Aim of the exercise >> Pictures must not appear in the copy. Restate exactly the lines below from the one with "3つの契約がディスコポップジャンル...の未再生の波形" through the one with "Baby Annabell rosado", inclusive.

Source material >>

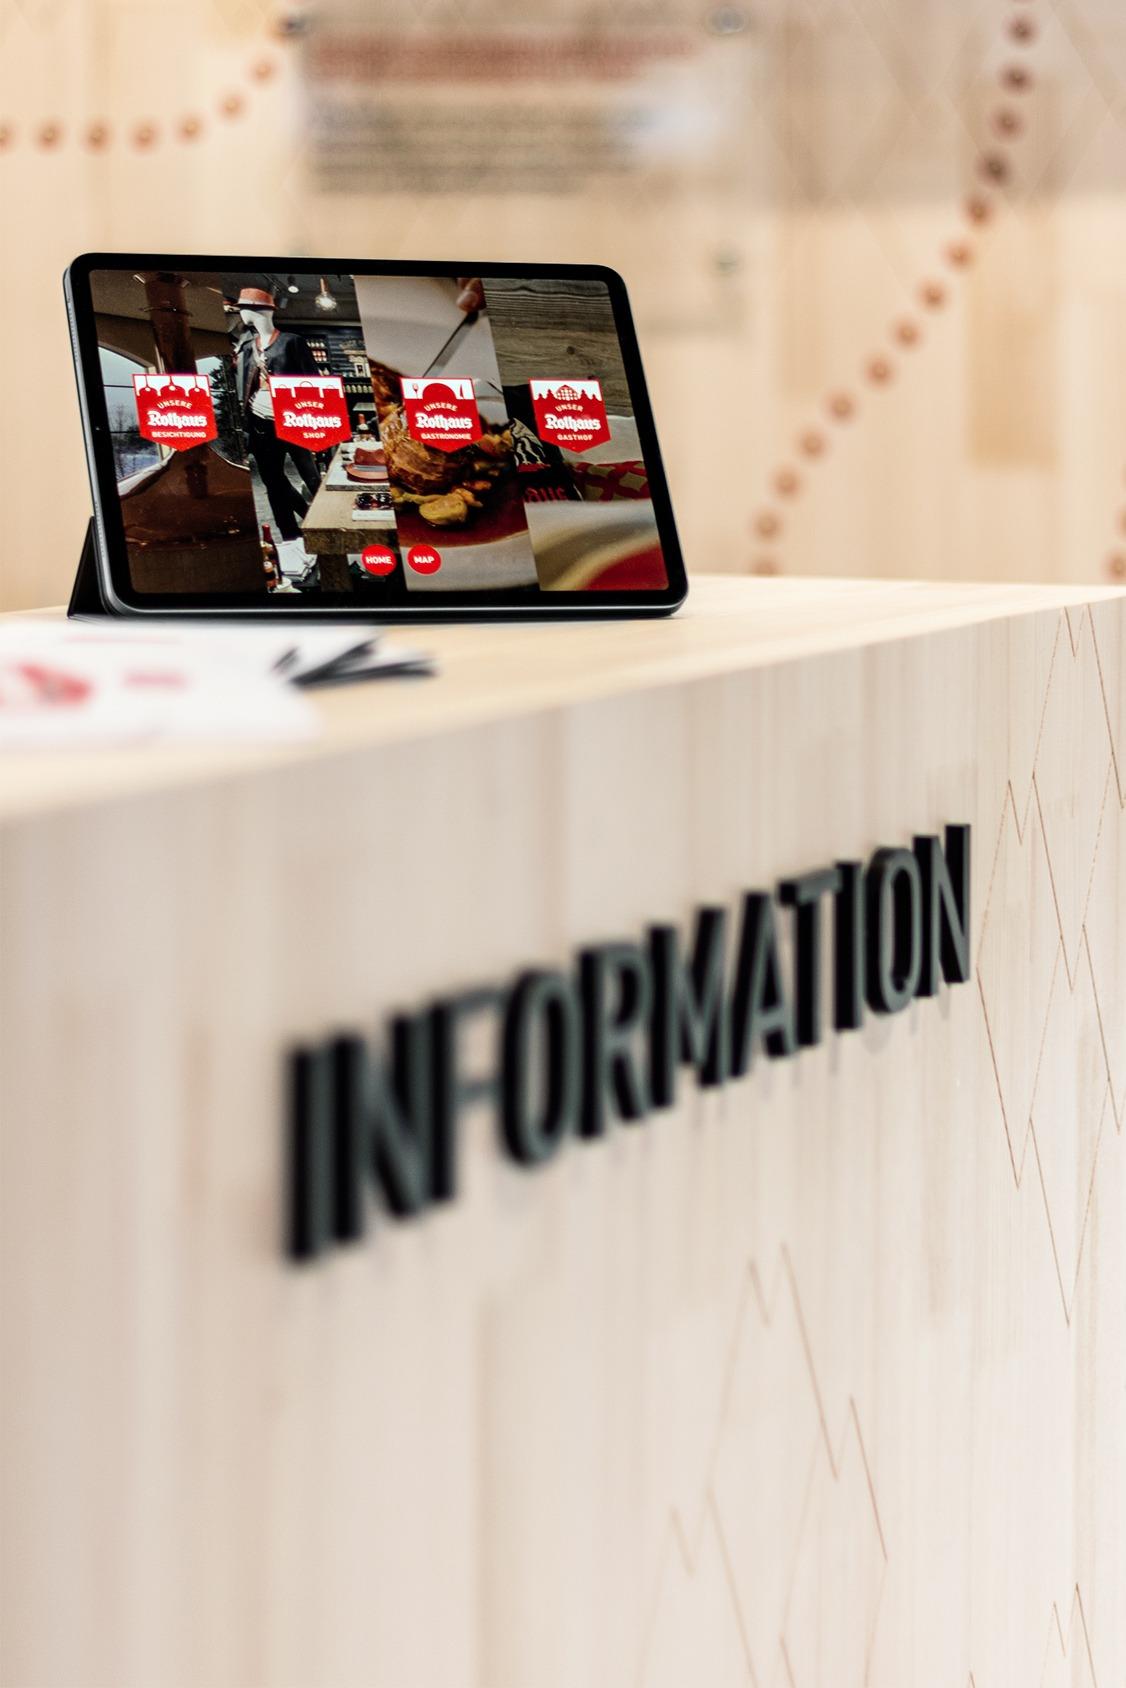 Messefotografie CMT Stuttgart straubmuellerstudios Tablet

--

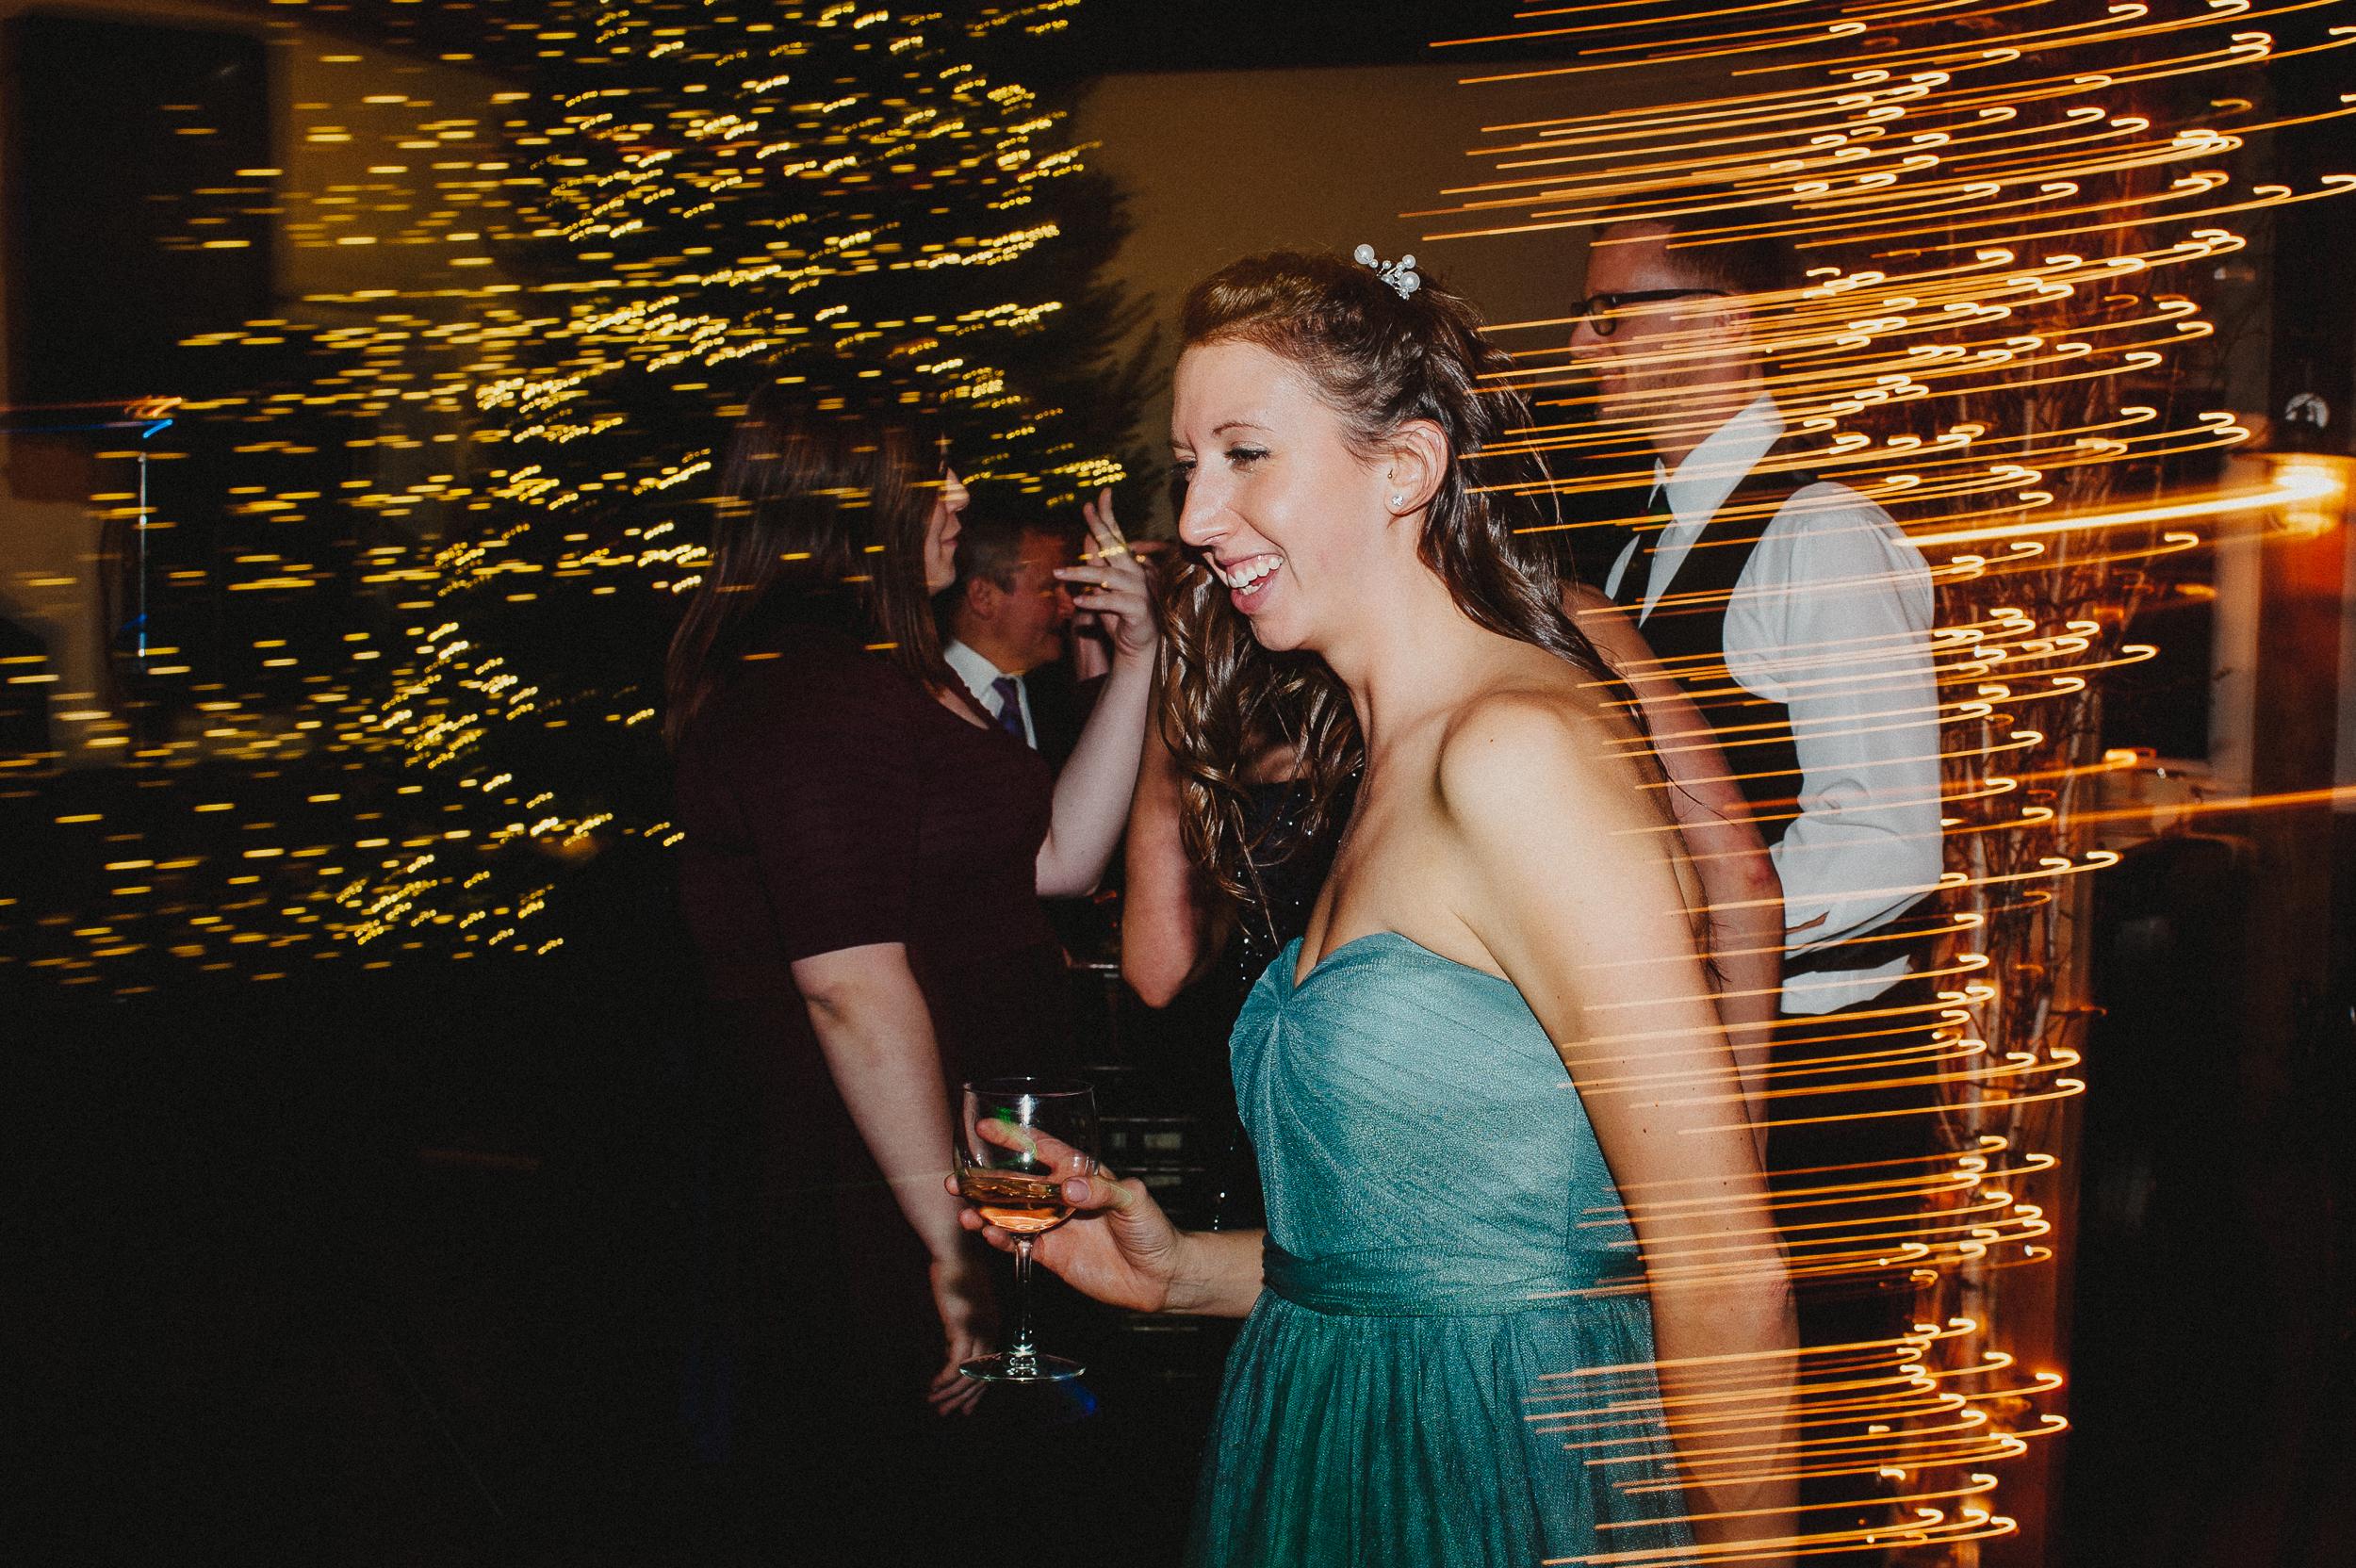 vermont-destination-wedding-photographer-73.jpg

==

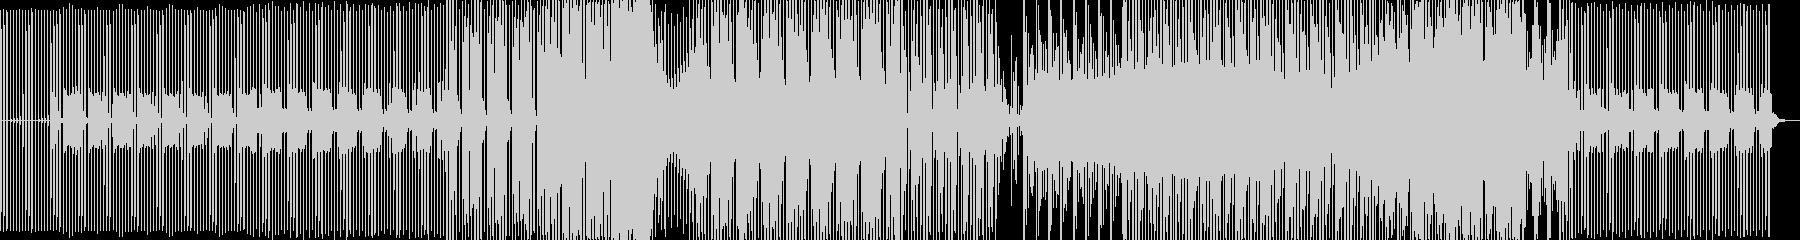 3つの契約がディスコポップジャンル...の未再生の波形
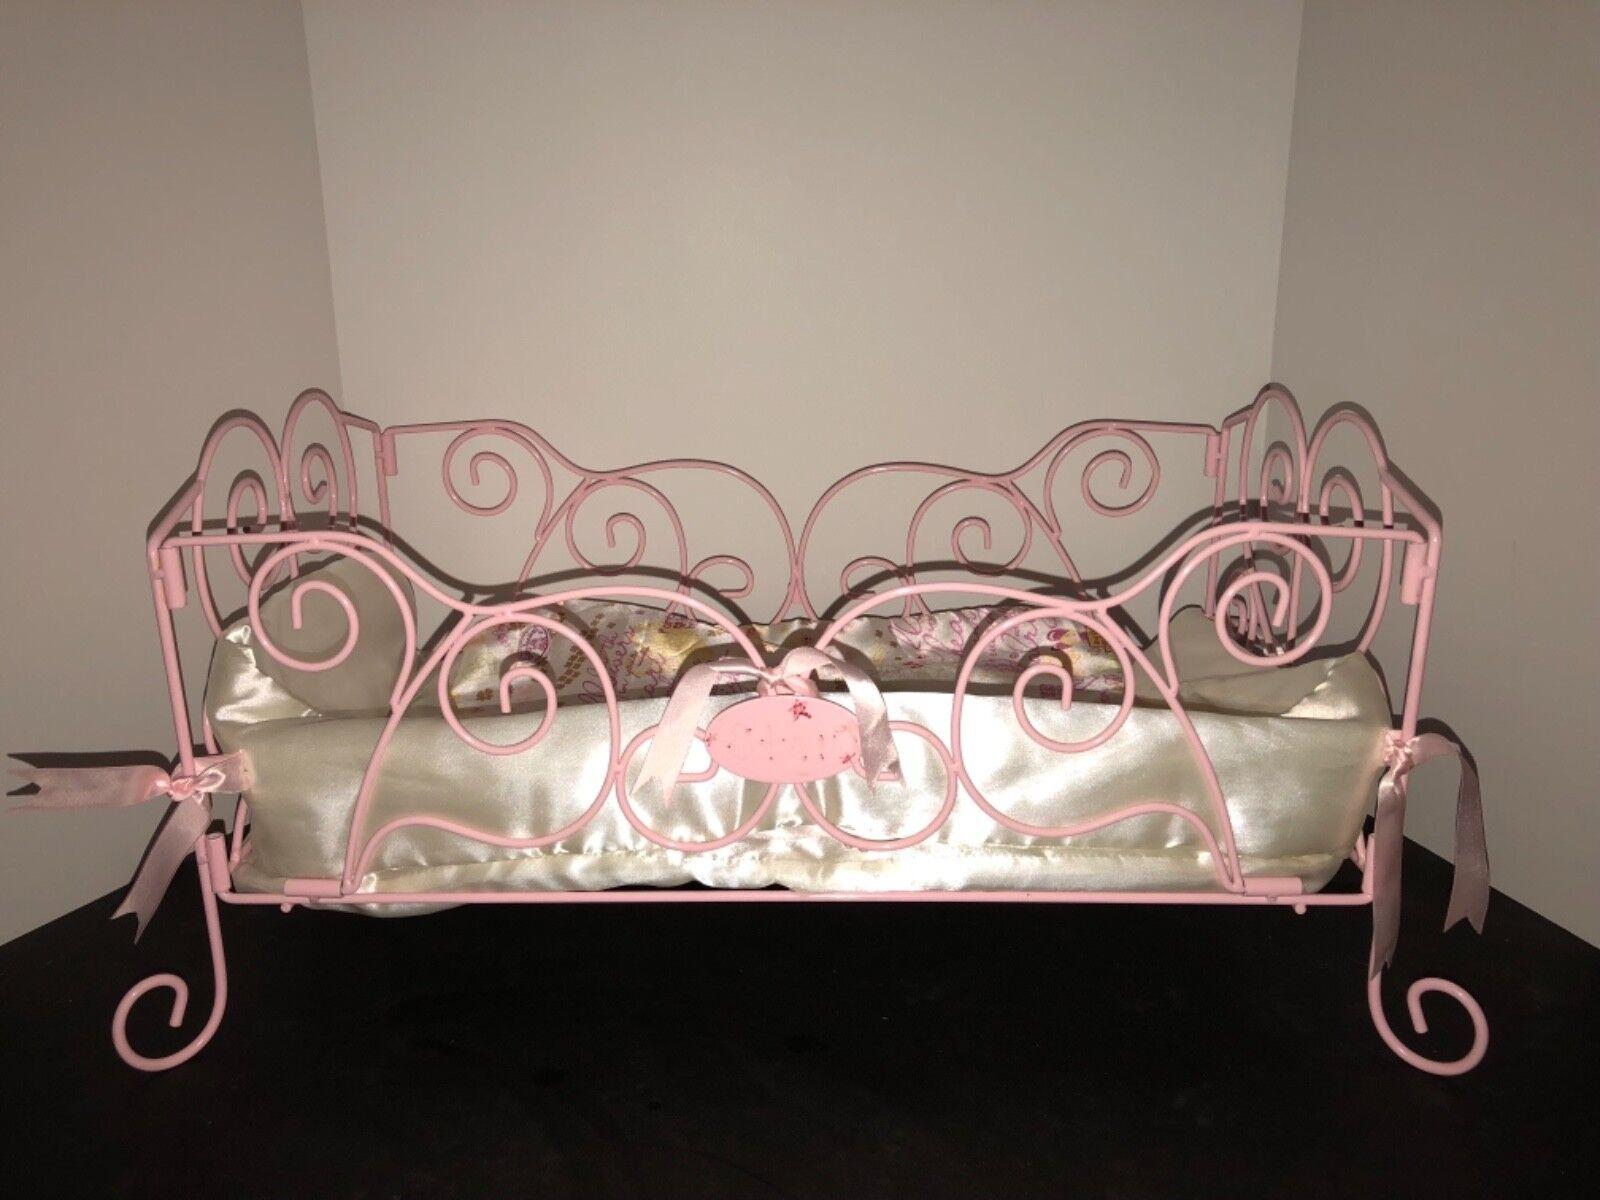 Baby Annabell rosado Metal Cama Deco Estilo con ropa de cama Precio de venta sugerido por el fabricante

Answer space >>
 3つの契約がディスコポップジャンル...の未再生の波形
 Baby Annabell rosado Metal Cama Deco Estilo con ropa de cama Precio de venta sugerido por el fabricante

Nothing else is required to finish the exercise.